In a fast-changing environment, ICICI Lombard General Insurance Company is able to keep pace with the evolving market and consumer dynamics by embracing and embedding innovation that revolves around the customers and their needs.
Leveraging a cognitive AI platform
ICICI Lombard has implemented a cognitive platform using various computing layer where its systems do the admissibility and adjudication of the cashless health claims. Artificial intelligence and machine learning helped achieve this objective. The conventional approach to claims management based on an inflexible rule book has been made obsolete by intelligent algorithms that learn from historical cases and continuously evolve. Such engine systematically identifies and correct errors while avoiding unnecessary or ineffective interventions.
ICICI Lombard GIC manages around 11000 to 18000 cashless claims in a month, and traditionally offered four hours of response time to issue authorization letters to each customer. Earlier cashless approvals were traditional in nature, wherein doctors go through the documentation submitted by hospital and checks the policy terms and conditions. Based upon these factors, doctors approved/rejected the claim request. This process was manual in nature, very cumbersome and consumed a lot of time. Due to delay in the approval process, patients had to wait for hours in the hospitals for the treatment to begin.
Reducing time to seek medical treatment
Currently, for each case, the AI engine produces its recommendation on admissibility almost instantaneously, including an initial approval amount for the patient for the treatment. This reduces the wait time for the patient and their family members, and lets them start their medical procedures almost immediately.
“The solution is designed keeping in mind medical emergencies. For policy holders, this would mean instant cashless processing of their request; thereby ensuring that they avail immediate treatment that is so important in case of medical exigencies. This solution will make claims processing faster, consistent and convenient for our customers, significantly enhancing their claim experience,” states Sanjeev Mantri, Executive Director at ICICI Lombard General Insurance Company.
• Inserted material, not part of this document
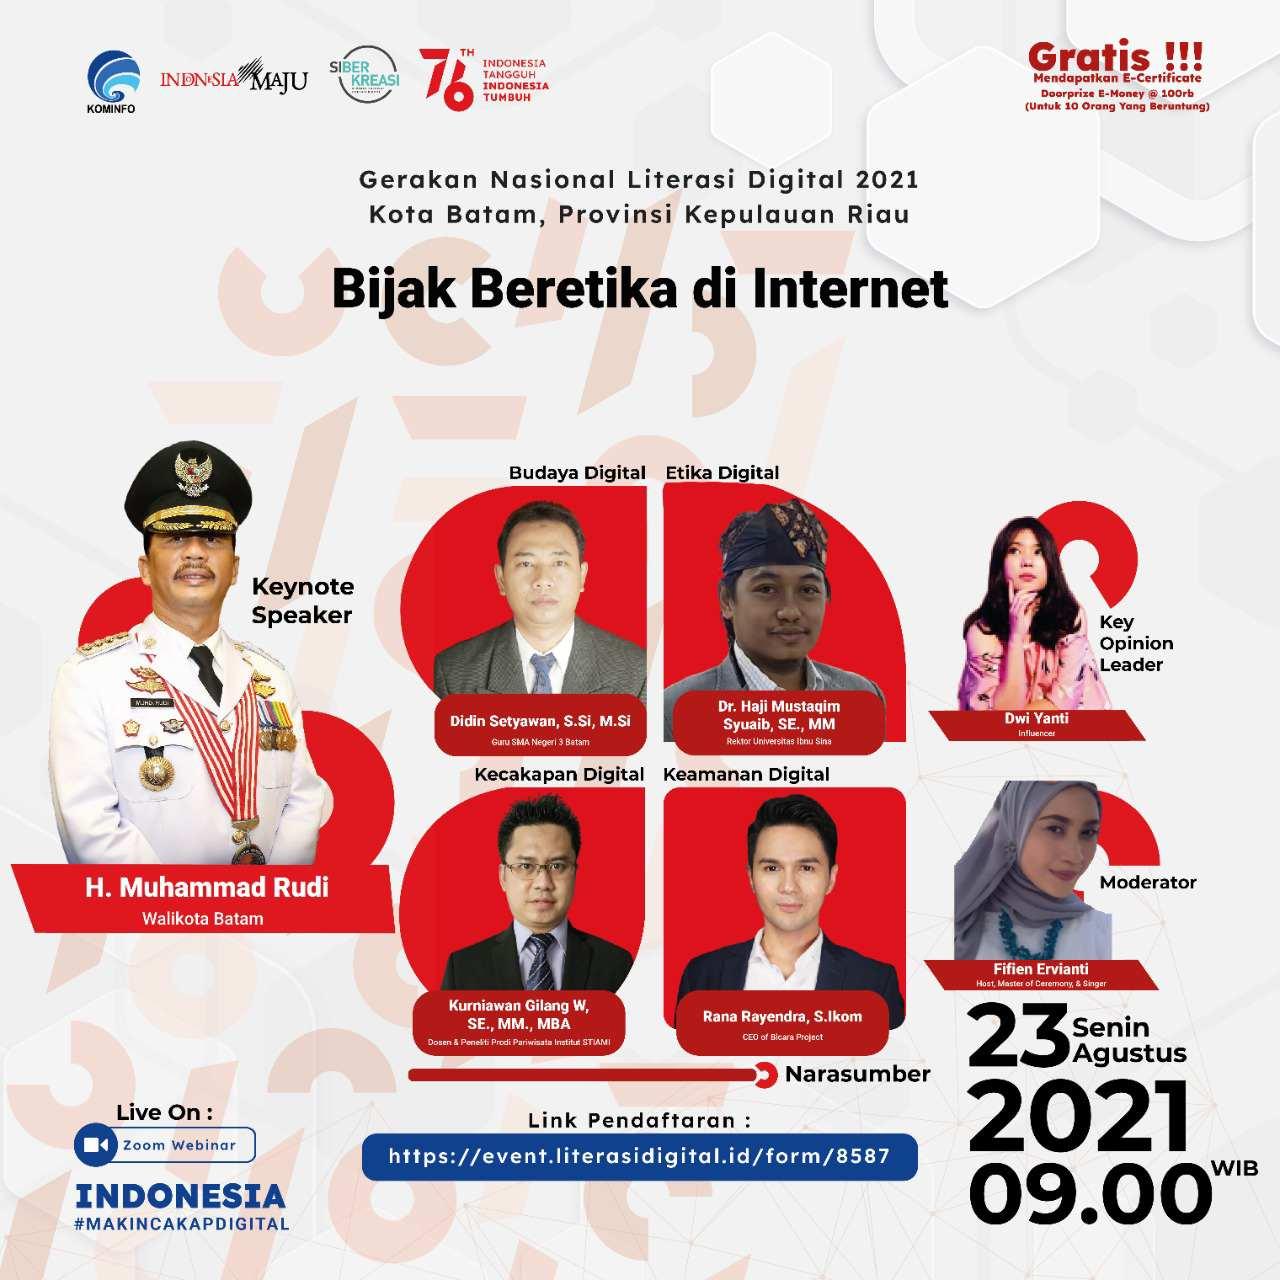 Kemkominfo melalui Direktorat Jenderal Aplikasi Informatika menyelenggarakan kegiatan Webinar Indonesia Makin Cakap Digital di Wilayah Sumatera di 77 Kab/Kota dari Aceh hingga Lampung

“Embedding artificial intelligence in the process of hospital claims management offers multiple benefits at once, not just for insurers but also for patients, given the saving potential. In short, the shift away from claims management based on rigid rule books in favor of smart algorithms leads to greater efficiency and more legitimate and contextual decisions—thus relieving the burden on all stakeholders and delivering better experience to customers when it is needed the most,” according to Goutam Datta, VP-Technology at ICICI Lombard General Insurance Company.
Benefits gained with the initiative
The cognitive system not only simplifies and accelerates the overall claims management procedure, it also enhances its quality. As the cognitive AI engine is trained to reproduce a doctor’s judgment, the platform helped ICICI Lombard to optimize services, accelerate processes, and make better decisions. Thus, additional costs for redundant audit and rejection processes are eliminated. As a result, the system frees up capacity among administration staff, doctors and auditors, so that they can correctly pinpoint reduction potential and properly prepare intervention cases—thus further increasing prospects of success of claim management system.
“We are able to maintain sustained leadership in redefining the business models by embedding the principles of innovation across all aspects of the enterprise – products, services, technology, infrastructure and people. Further, in tandem with the emergence of a hyper-connected world, we are able to fulfill customer expectations of positive and seamless experience at every touch point,” says Datta.